Poshmark Powers Up Its Resellers With Tech Tools

Poshmark is looking to increase its edge in the peer-to-peer fashion universe, introducing new tech tools to make it easier for its growing ranks of serious sellers.

“There will always be those doing this as a hobby, but others are turning this into growing reselling businesses,” said Manish Chandra, founder and CEO of Poshmark, in remarks given at this year’s virtual Poshfest. “We know they need more data and more productivity tools. We only win when sellers win,” he added.

The 10-year-old company started as a way to connect the closets of a few hundred people, committed to keeping clothing out of landfills while making a few bucks on clothes folks lost interest in. That’s ballooned into a publicly traded company that made $81.8 million in its more recent quarter, up 22% from the prior year. And the number of active buyers jumped 16% to 7 million, with the number of registered users rising to 80 million.



Chandra announced the appointment of Tracy Sun, a co-founder, as senior vice president of seller experience, a new role, to lead the charge.

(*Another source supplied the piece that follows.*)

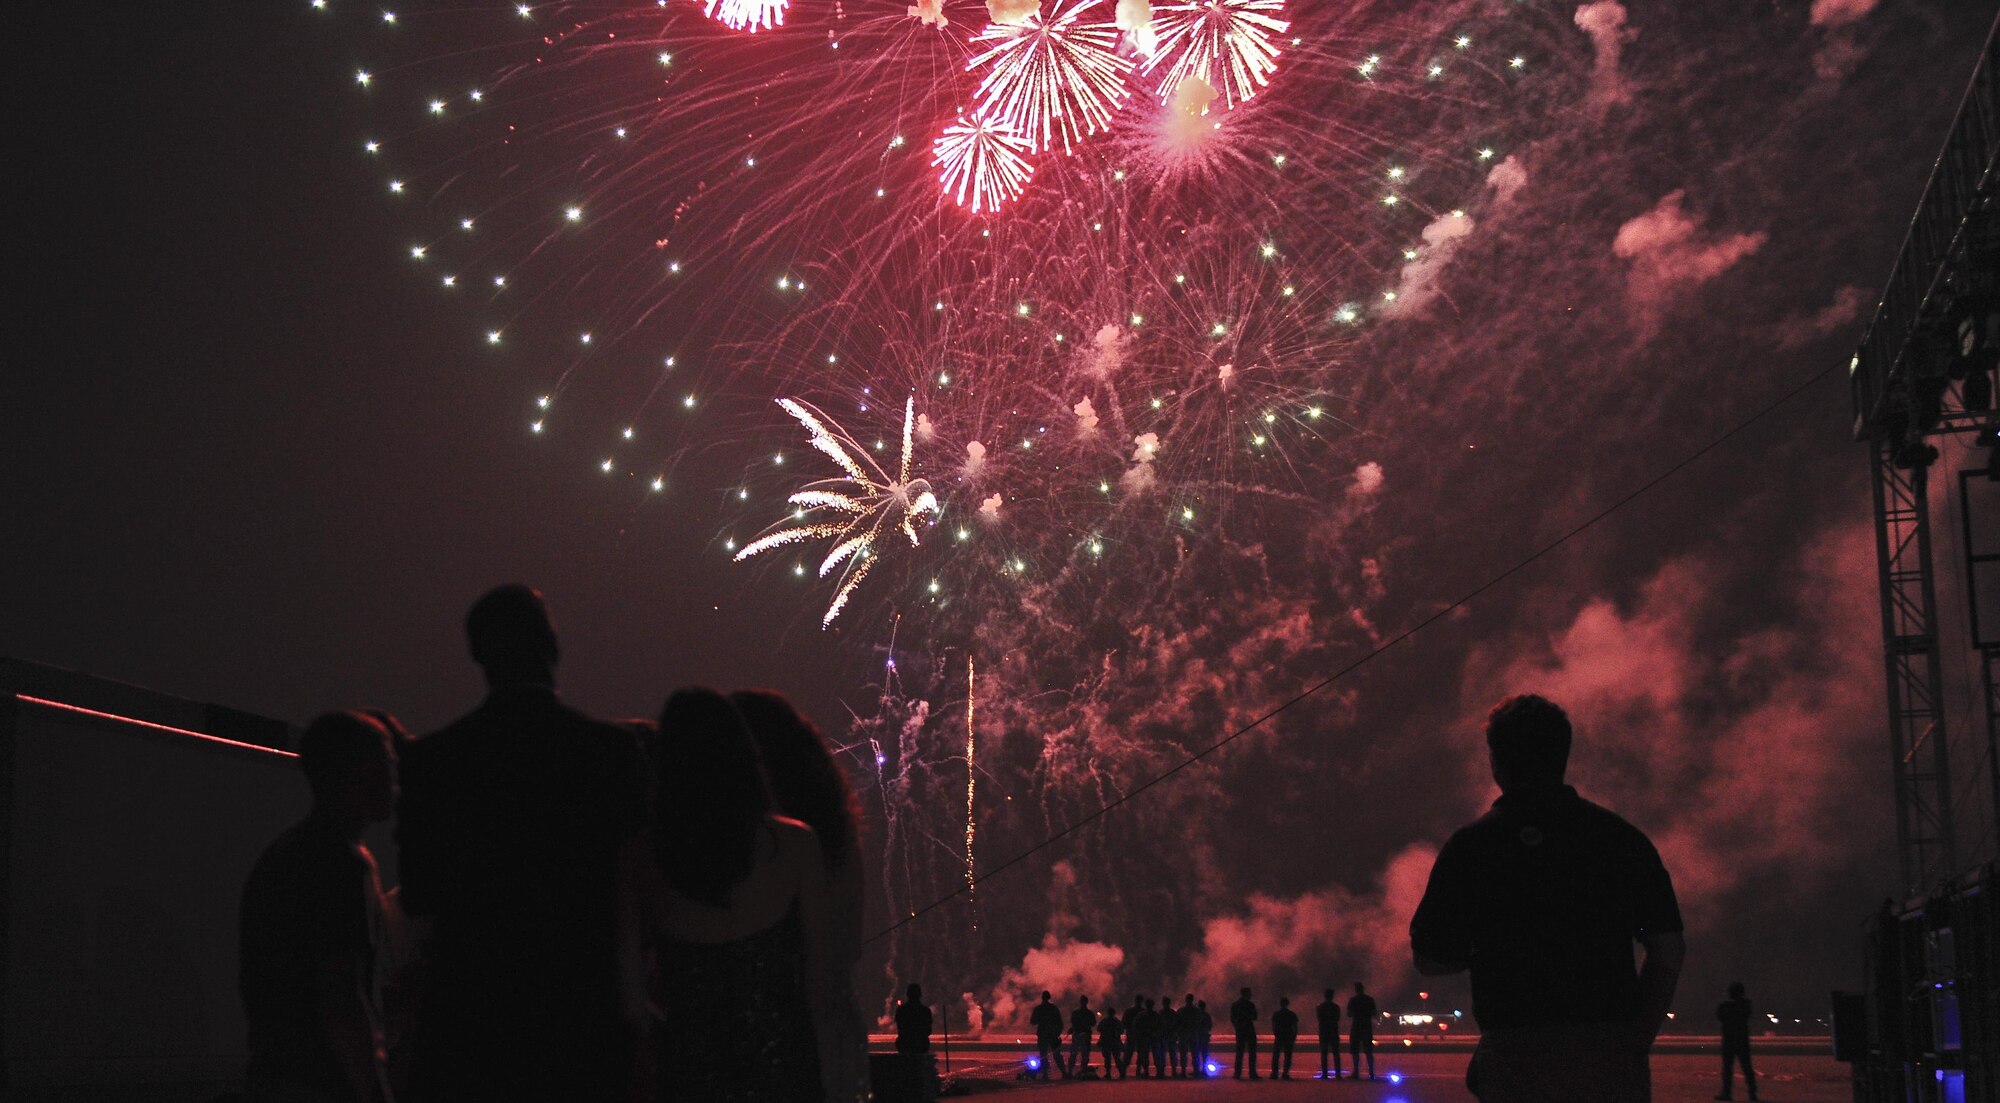 Airmen and entertainers gaze as the fireworks ignite over the skies Osan Air Base, Republic of Korea, July 4, 2015, in celebration of Independence Day. The fireworks presentation was one of the last displays of entertainment for a crowd of more than 5,000 during the festival. (U.S. Air Force photo by Tech. Sgt. Travis Edwards/Released)

The company also introduced tech tools to make it easier to get started on Poshmark and scale businesses as they become more successful.

Those innovations include My Shoppers, which the company describes as a “revolutionary clienteling feature.”

It functions as Poshmark’s version of a skilled in-store retail associate. Entirely backed by social commerce, sellers can use the tool to quickly move customers through the sales funnel, from sending promotional discounts to personalizing merchandise.

Poshmark is also launching Closet Insights, a dynamic dashboard that provides sellers with real-time inventory and sales data.

The Redwood City, California-based company has never been shy about its ambition to be every seller’s favorite platform.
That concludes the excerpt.